Prior to the outcome of the 2016 presidential election, the White House released a peaceful and comprehensive digital transition plan for the president-elect. The three main outlined goals included a preservation of materials with the National Archives and Records Administration, easy and real-time access to available materials and ensured that the next administration and president will continue to grow what President Obama’s Administration began.
These measures are taken as the White House wrote that this digital infrastructure is not just a way for future presidents to connect with the country, but because these archives belong to each American.
Since Republican Nominee Donald Trump was elected president on Nov. 8, 2016, he and his team will now transition to assume responsibility for the POTUS social media accounts, along with Michelle Obama’s @FLOTUS, Joe Biden’s @VP and the @WhiteHouse Twitter handles. On Twitter specifically, President-Elect Trump will inherit @POTUS’s 11 million followers Jan. 20, 2017, and he will begin with a clean slate.
All tweets from the previous administration will be removed from the current feed, stored under a new handle, @POTUS44, and will be archived at the NARA. The same will be applied to all other Obama Administration Twitter accounts. Anyone who wishes to view President Obama’s past social media posts can access them just like any other Presidential records.
This same “clean slate” timeline approach will continue with the White House’s Instagram, Facebook, Medium, YouTube and Tumblr accounts. Again, all of these posts will be made available under the new “44” usernames and stored by the NARA.
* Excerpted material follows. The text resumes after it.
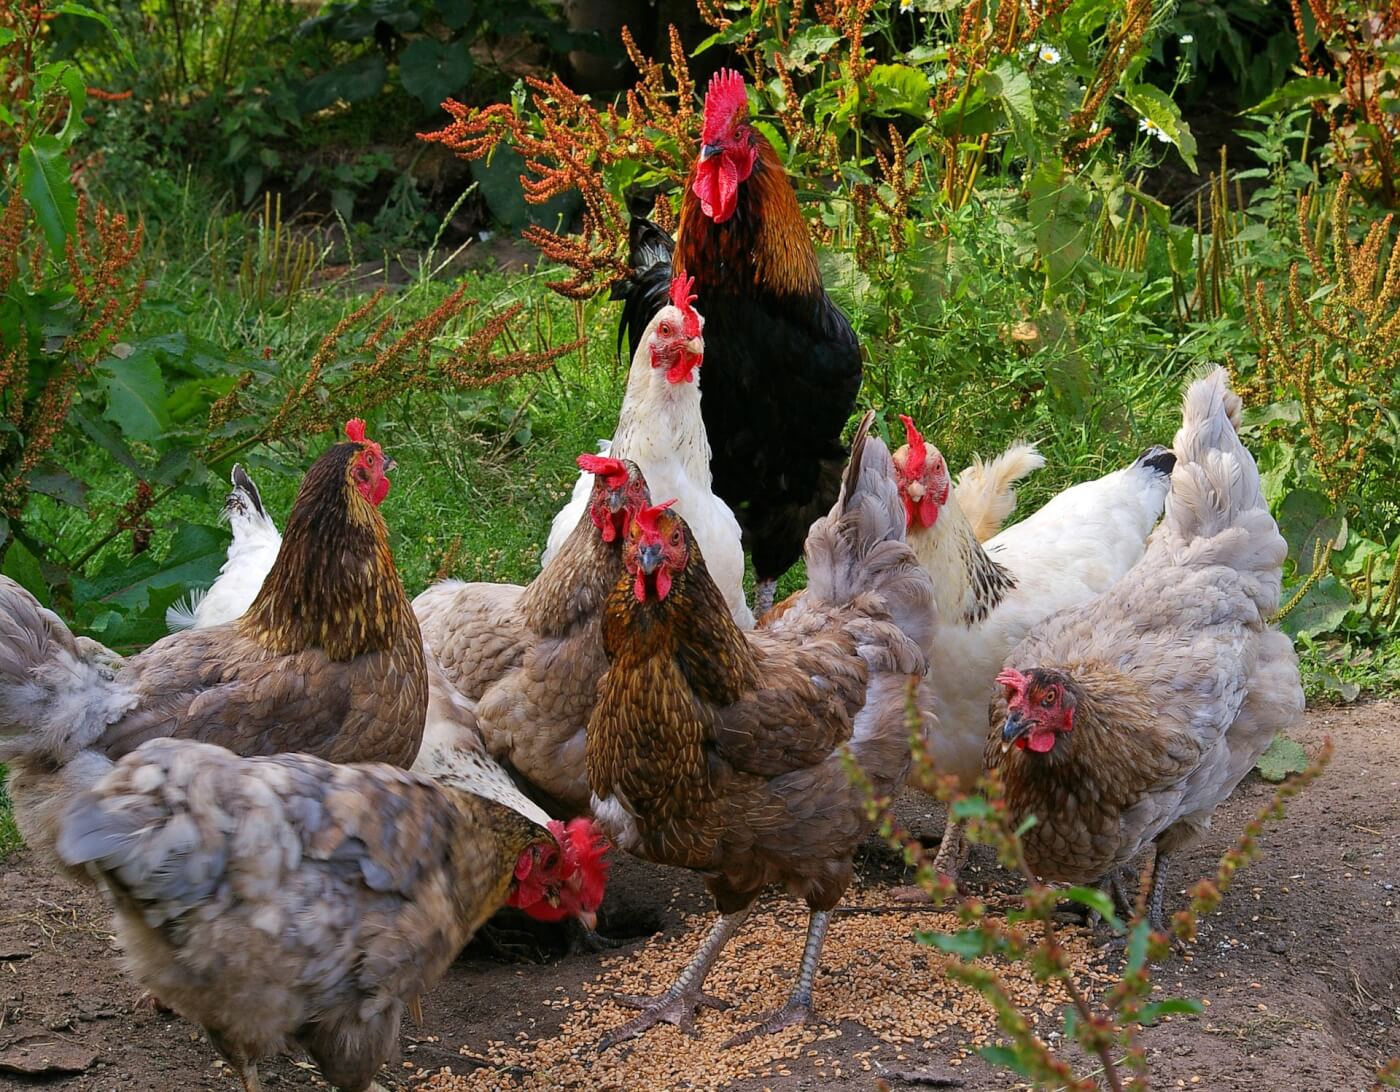 10 Surprising Facts About Chickens

Why is it beneficial for the Trump Administration to keep the account active?
When Thomas Jefferson was elected to presidency in 1801, this solidified the first peaceful transition of power in U.S. history. Each inauguration day, this same phenomenon has occurred as it has for the past two centuries. When President-Elect Trump assumes the Oval Office in January, he will be the first president to assume a peaceful transition of social media power by inheriting the POTUS accounts.
Not only does this continuation of the POTUS accounts convey a sense of solidarity between the two different administrations, it may improve Trump’s current social media standing as a world leader. Trump’s posts on his @theRealDonaldTrump handle during the election cycle have been less conventional than most presidential hopefuls, which simultaneously appealed to his voters and worried his opponents.
While President-Elect Trump’s advisors might urge a more cautionary approach over social media and a peaceful movement of POTUS account power, only time will tell how this transition will ultimately unfold.